The RDA for niacin is 2 mg NE(niacin equivalents)/day (AI) for infants aged 0–6 months, 16 mg NE/day for males, and 14 mg NE/day for females who are over the age of 19.
Diseases associated with niacin deficiency include: Pellagra which consisted of signs and symptoms called the 3D's-"Dermatitis, dementia, and diarrhea. Others may include vascular or gastrointestinal diseases. Common diseases which present a high frequency of niacin deficiency: alcoholism, anorexia nervosa, HIV infection, gastrectomy, malabsorptive disorders, certain cancers and their associated treatments.

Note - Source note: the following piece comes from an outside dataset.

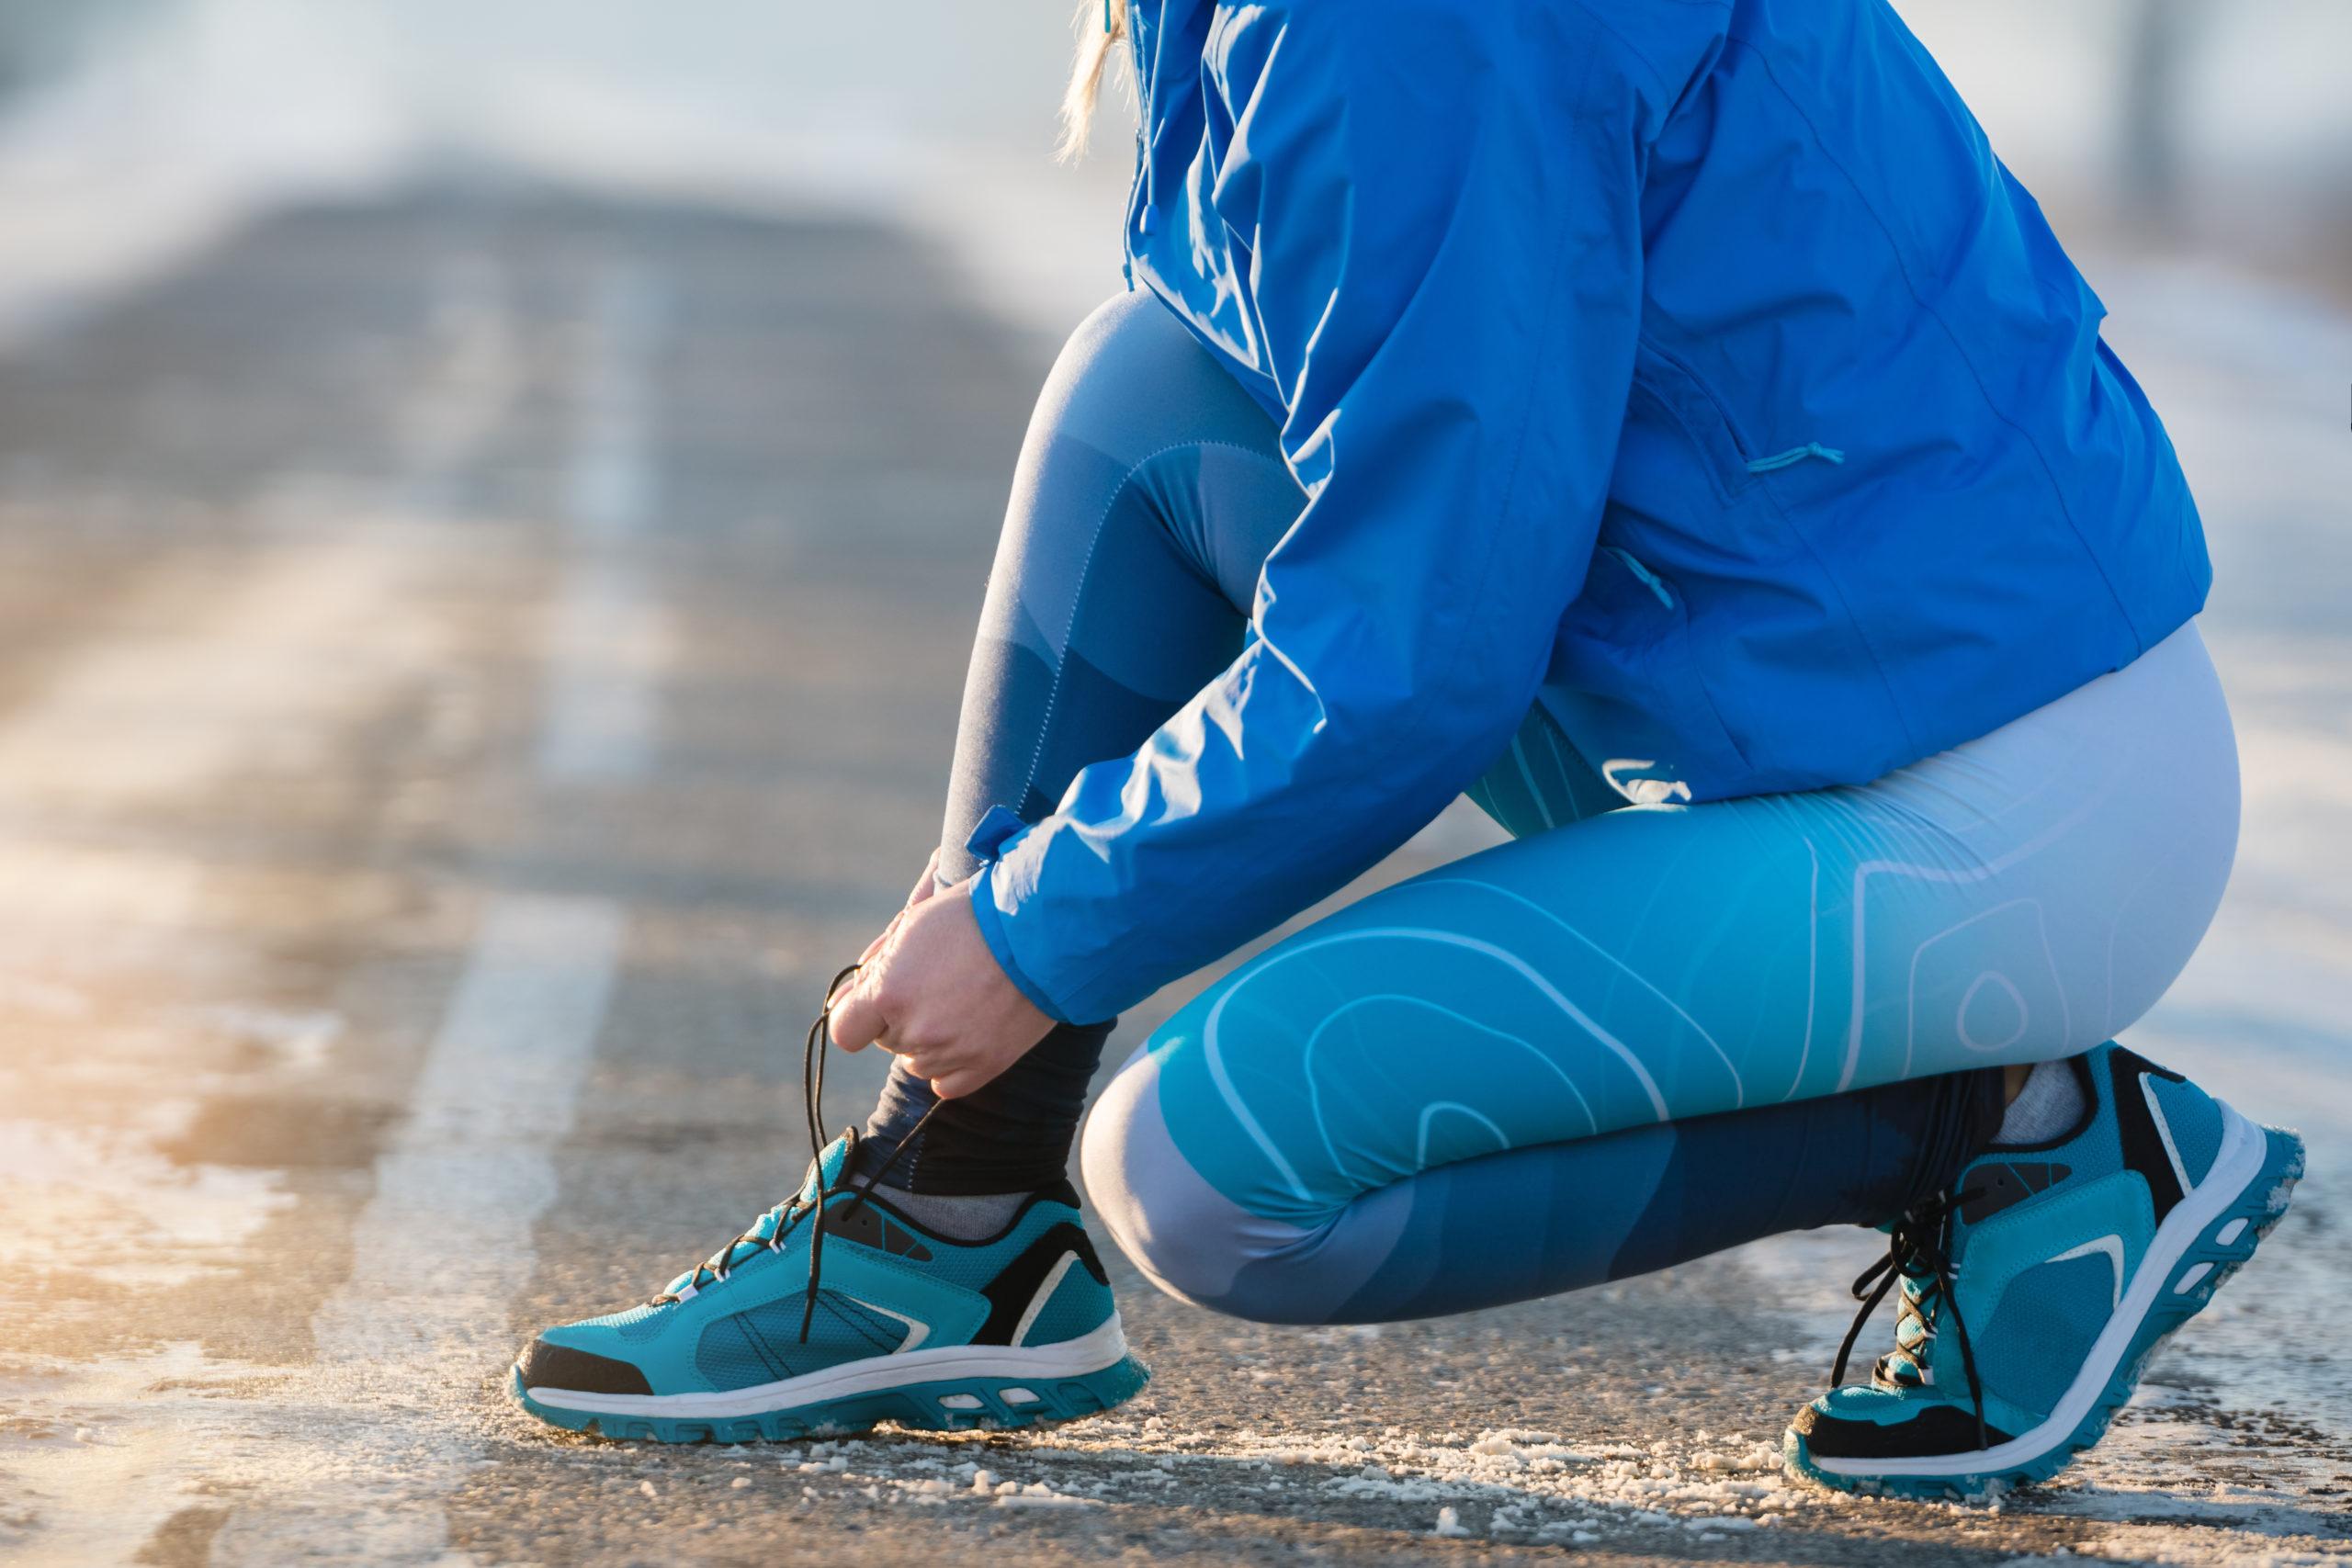 Woman runner tying shoelaces. Healthy lifestyle © PAstudio - stock.adobe.com
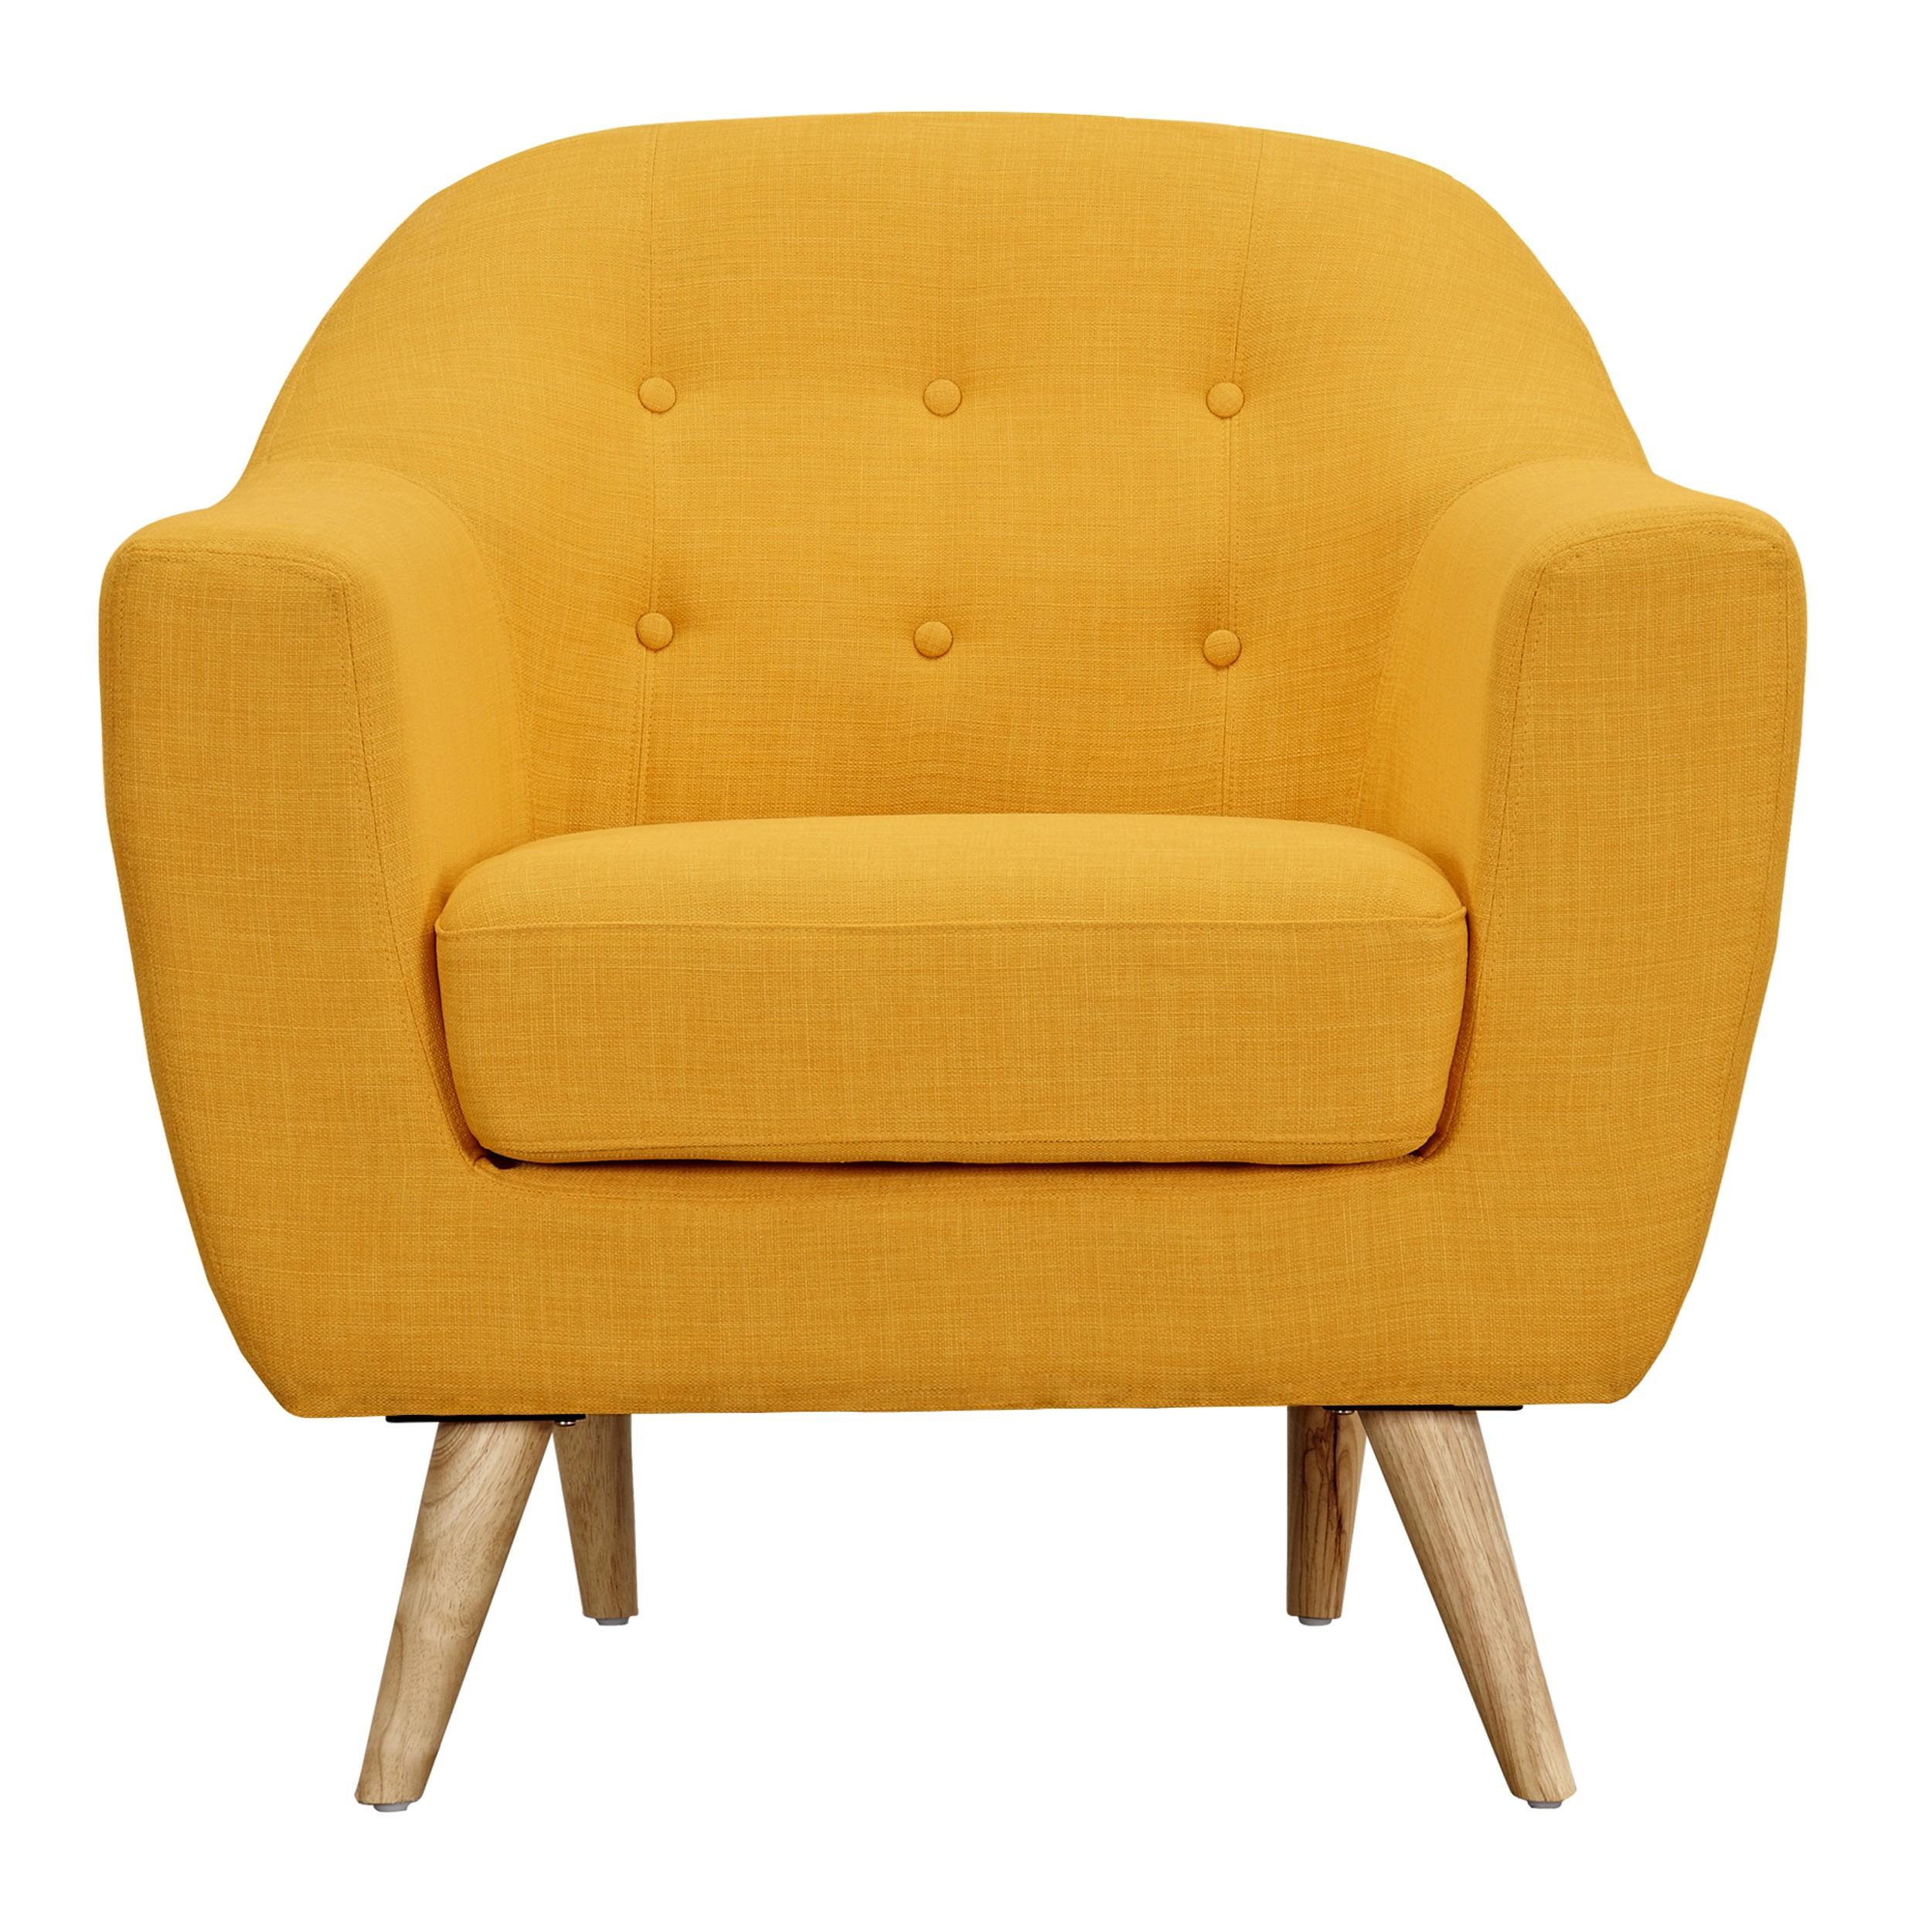 acheter fauteuil jaune confort - Fauteuil Jaune Scandinave

Since Vitamin D is a fat-soluble vitamin, it cannot be added to a wide variety of foods. Foods that it is commonly added to are margarine, vegetable oils and dairy products. During the late 1800s, after the discovery of curing conditions of scurvy and beriberi had occurred, researchers were aiming to see if the disease, later known as rickets, could also be cured by food. Their results showed that sunlight exposure and cod liver oil were the cure. It was not until the 1930s that vitamin D was actually linked to curing rickets. This discovery led to the fortification of common foods such as milk, margarine, and breakfast cereals. This took the astonishing statistics of approximately 80–90% of children showing varying degrees of bone deformations due to vitamin D deficiency to being a very rare condition.
The current RDA for infants aged 0–6 months is 10 µg (400 International Units (IU))/day and for adults over 19 years of age it is 15 µg (600 IU)/day.
Diseases associated with a vitamin D deficiency include rickets, osteoporosis, and certain types of cancer (breast, prostate, colon and ovaries). It has also been associated with increased risks for fractures, heart disease, type 2 diabetes, autoimmune and infectious diseases, asthma and other wheezing disorders, myocardial infarction, hypertension, congestive heart failure, and peripheral vascular disease.
Although fluoride is not considered an essential mineral, it is useful in prevention of tooth decay and maintaining adequate dental health. In the mid-1900s it was discovered that towns with a high level of fluoride in their water supply was causing the residents' teeth to have both brown spotting and a strange resistance to dental caries. This led to the fortification of water supplies with fluoride in safe amounts (or reduction of naturally-occurring levels) to retain the properties of resistance to dental caries but avoid the staining cause by fluorosis (a condition caused by excessive fluoride intake). The tolerable upper intake level (UL) set for fluoride ranges from 0.7 mg/day for infants aged 0–6 months and 10 mg/day for adults over the age of 19.
Conditions commonly associated with fluoride deficiency are dental caries and osteoporosis.
Some other examples of fortified foods:
- Calcium is frequently added to fruit juices, carbonated beverages and rice.
- White rice is frequently enriched to replace some of the lost nutrients during milling or adding extras in.
- Amylase rich flour is utilized for food making to increase dietary consumption.
- Zinc is found to improve its blood level when used alone for fortification but more studies are needed to assess other benefits.